How do we build memory? In my initial scripting of the presentation I had written: ‘it’s not just rote learning of dry, meaningless facts.’ But actually, I disagree with my summer self – it sometimes is. In learning a language, I had to learn how to decline nouns, or conjugate verbs, and rote learning of those dry, meaningless facts suddenly became very exciting and meaningful in the schema of learning a language. Once those isolated facts were committed to memory, they could then link up with hundreds of other ideas. We’re keen to skip this stuff as teachers, because we know it isn’t fun; but school isn’t about fun, it’s about learning. And this is how we learn.
Making children remember what you say can take many forms: Willingham says we are attuned to narrative, so we could make our lessons into stories – not too difficult in English, as we deal in stories, but not always easy to make each individual lesson story-like. He also says we remember what prompts emotion, but it’s really difficult to be sure all your children have felt the emotion you intended. Also, what if someone comes in a bit tired, a bit grumpy, or already very emotional? I don’t think emotion or stories are reliable enough to ensure we build students’ memory in the classroom on a day to day basis. What is reliable is quizzing: any teacher can quiz students about key ideas. When I visited Michaela Community School, in every lesson I saw at least 20 minutes of recap: unabashed testing of prior knowledge, from previous days, but also from previous units.
I shared some strategies borrowed from Joe Kirby and Daisy Christodoulou: first knowledge maps, and then multiple choice questions, and explained how these were quick and easy to get recap into lessons on a daily basis.

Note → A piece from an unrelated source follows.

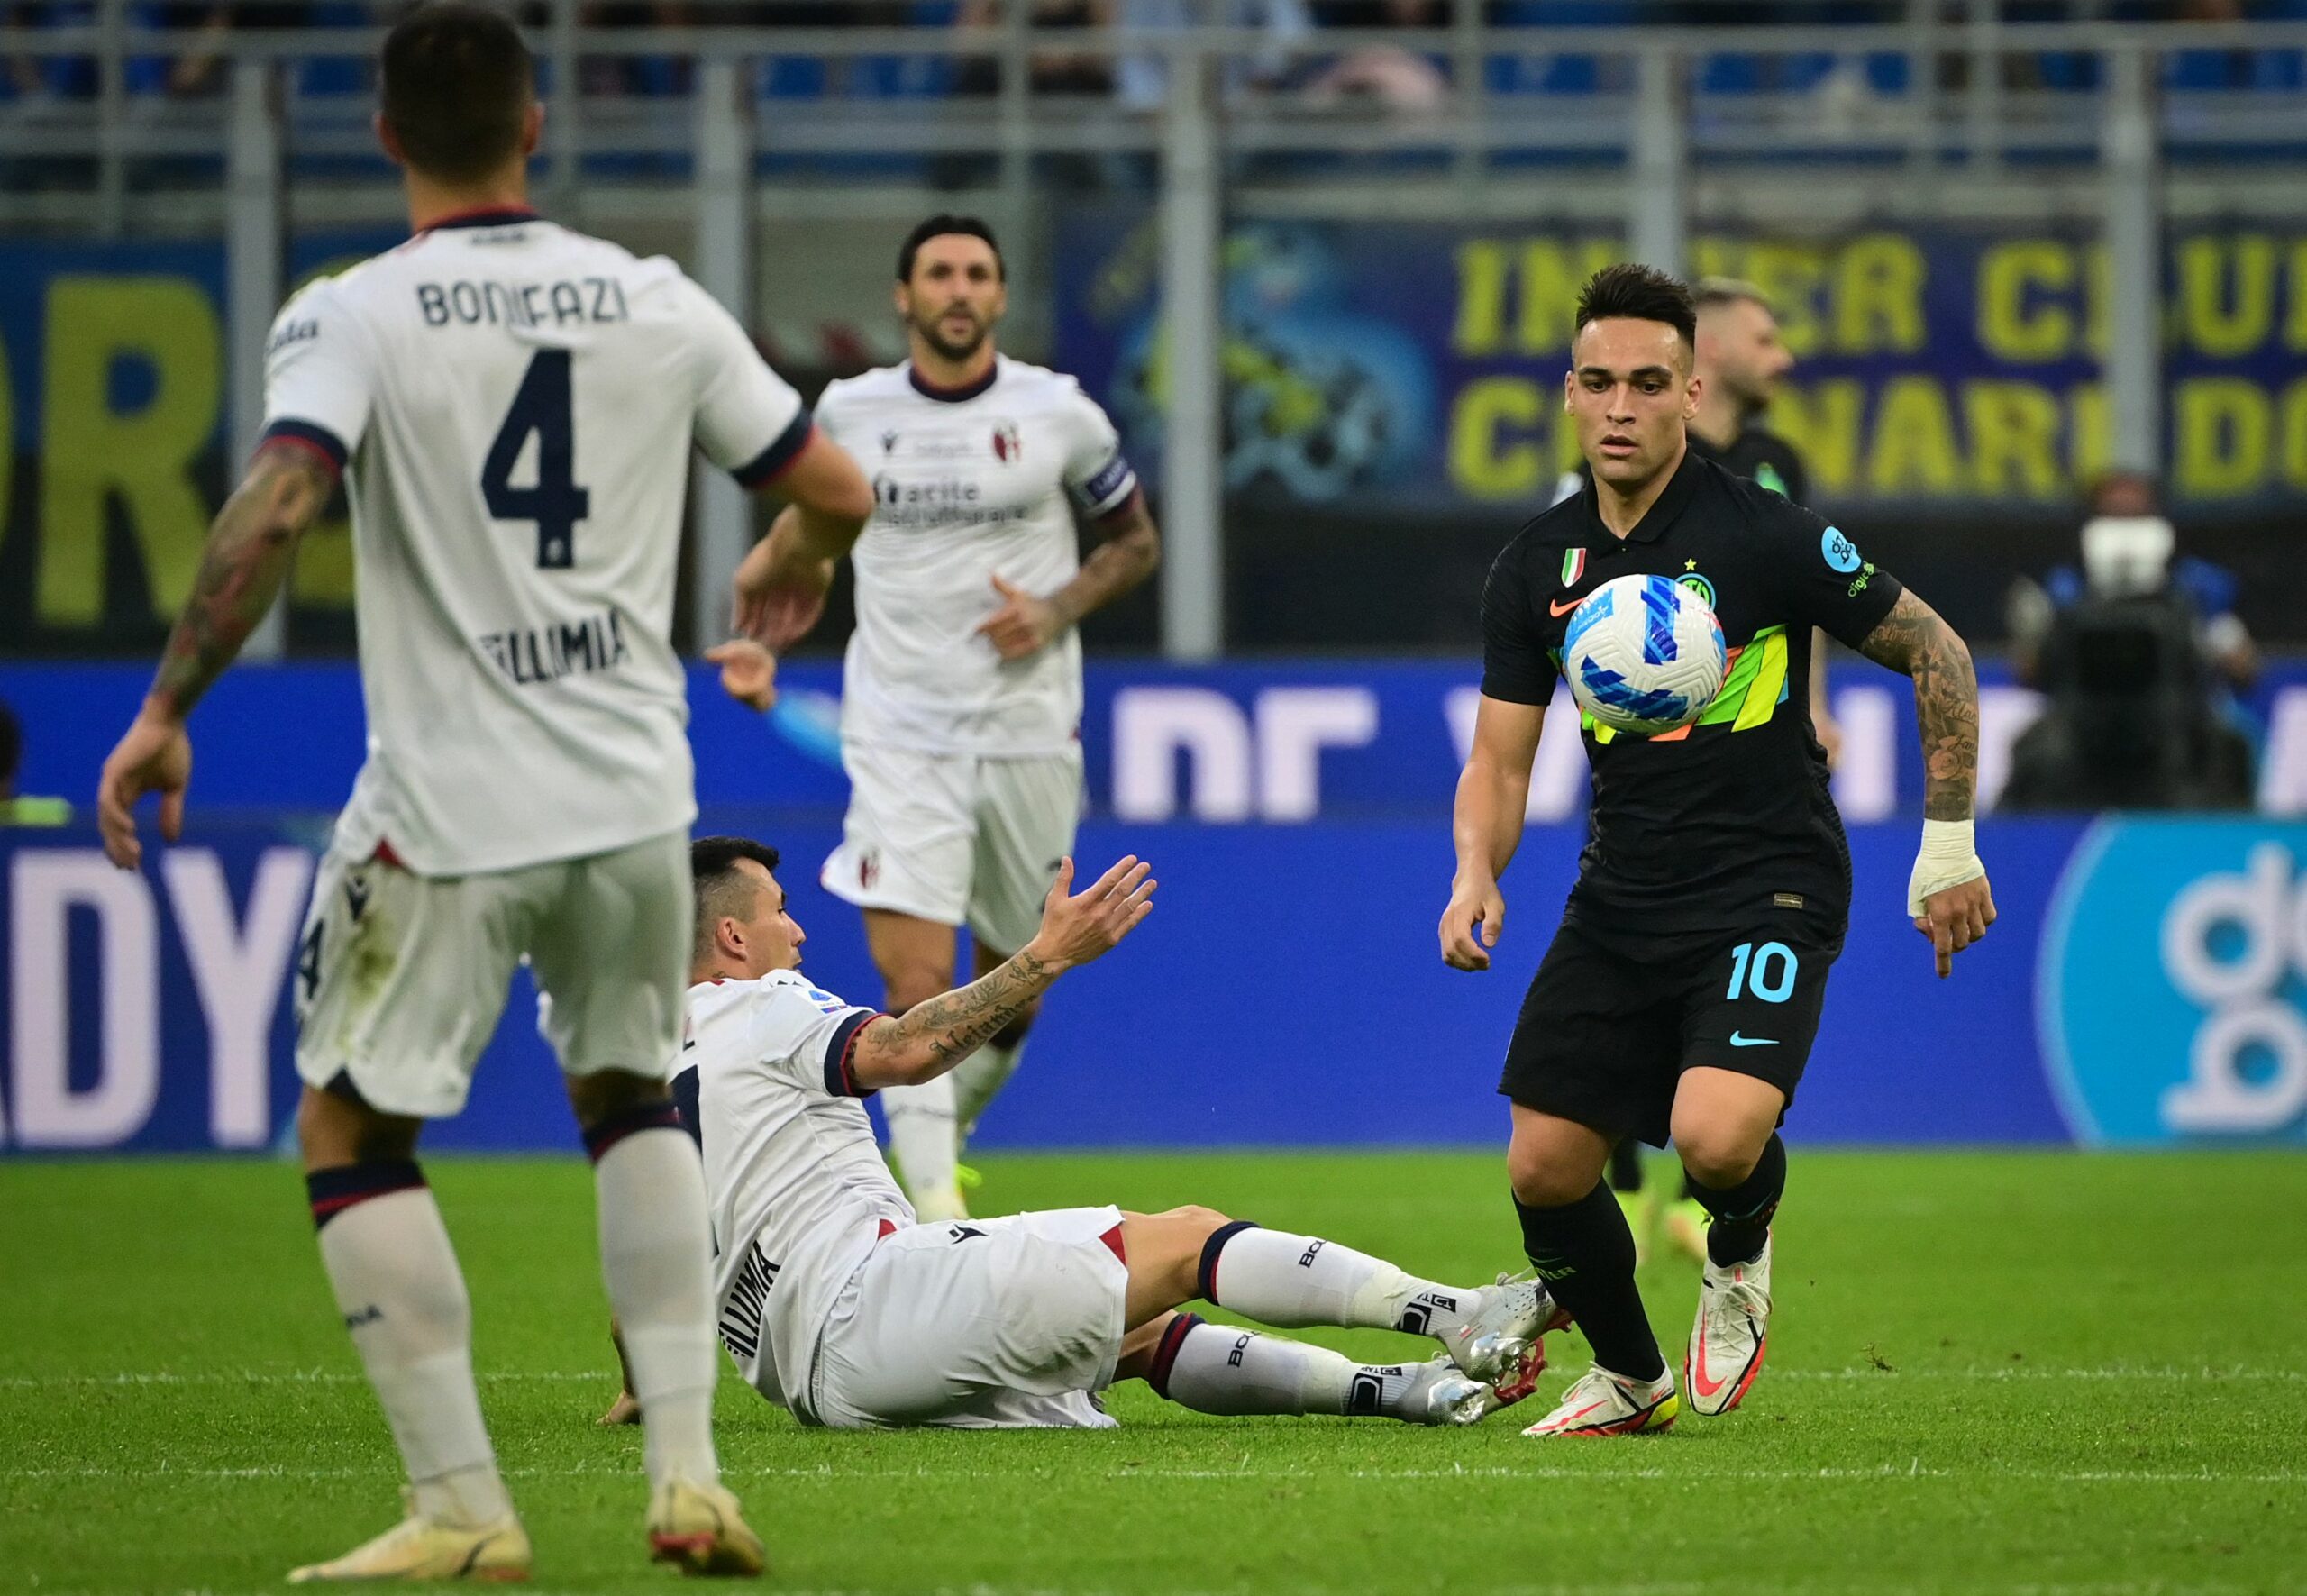 Inter Milan's Argentine forward Lautaro Martinez (R) controls the ball during the Italian Serie A football match between Inter Milan and Bologna at the San Siro stadium in Milan, on September 18, 2021. (Photo by MIGUEL MEDINA / AFP) (Photo by MIGUEL MEDINA/AFP via Getty Images)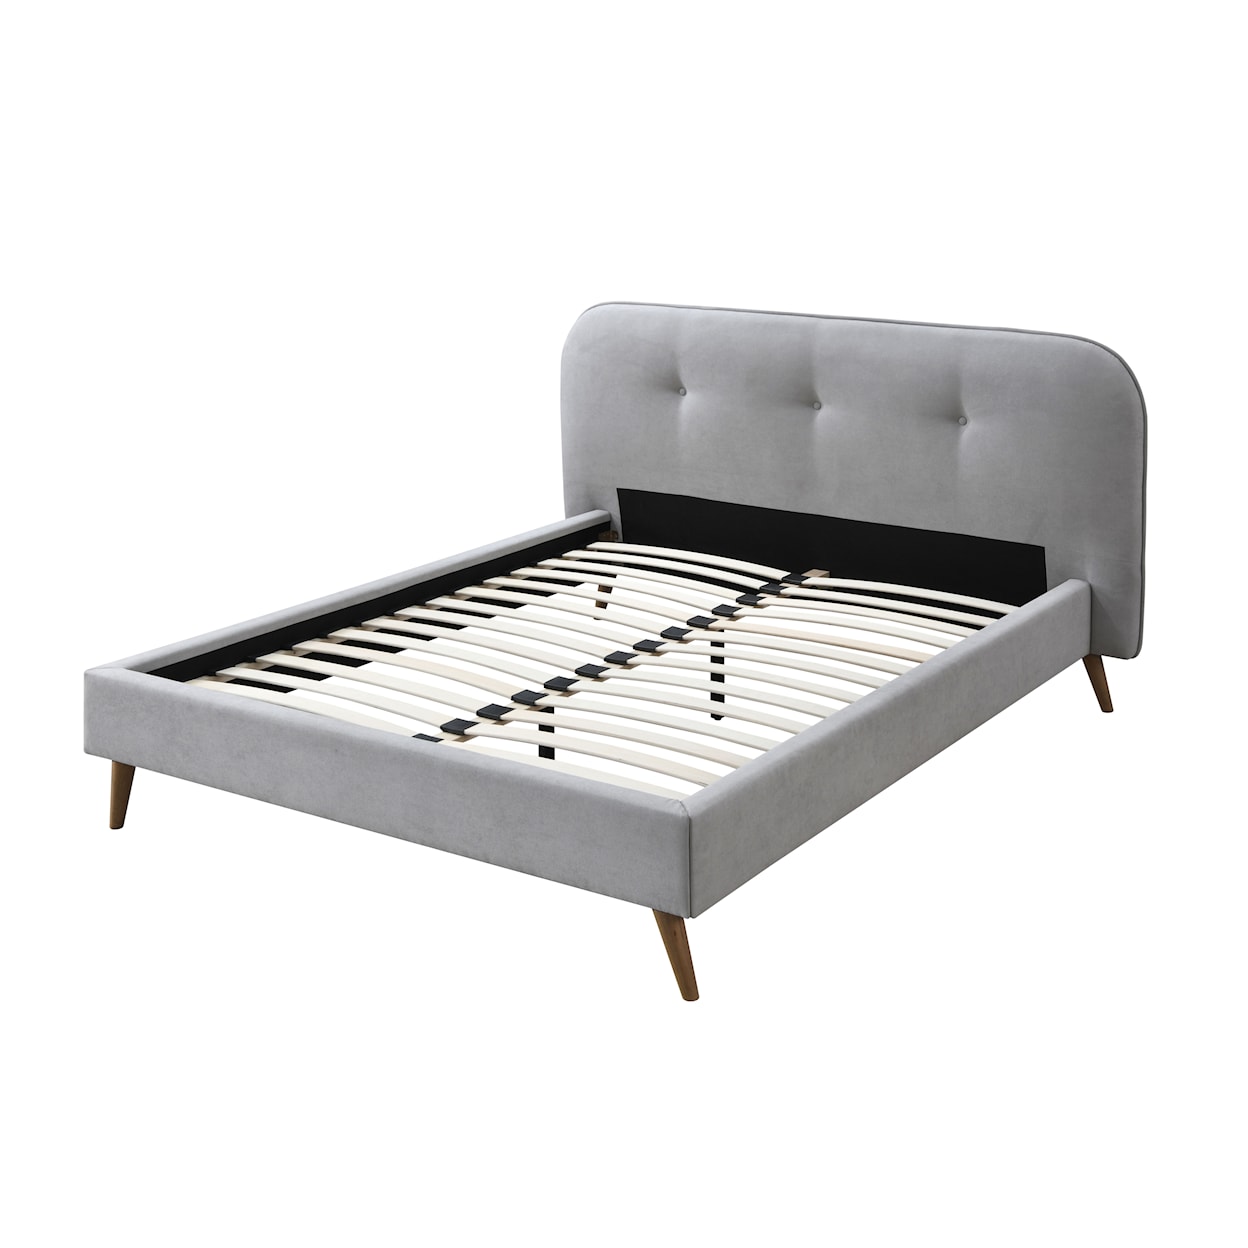 Acme Furniture Graves King Size Bed

In building students’ memories in English over the course of their study, I suggested two guiding principles: first, what are the hidden bodies of knowledge in the subject? The things we just know, that we now need to systematically teach to our students? I’d suggest these are grammar, and the literary canon (in a cruel twist of fate, I was scheduled at the same time as Katie Ashford, who has to be the most forward-thinking expert on grammar working in schools right now). We then need to sequence these ideas in the optimal way to help students see the links between them, and build up their knowledge incrementally, building in time for revisiting and interleaving the core concepts we want students to remember in the long term.
If it’s not yet clear, I need to explicitly say that there is not one original idea in what I have said. I’ve read a great many books, contained in the presentation, and a great many blogs, and had a great many conversations; I’ve stuck them together and worked at these in my own context. I’m not the ideas person. Despite this, I am so grateful that so many people came along, and were so engaging and so warm in their interactions.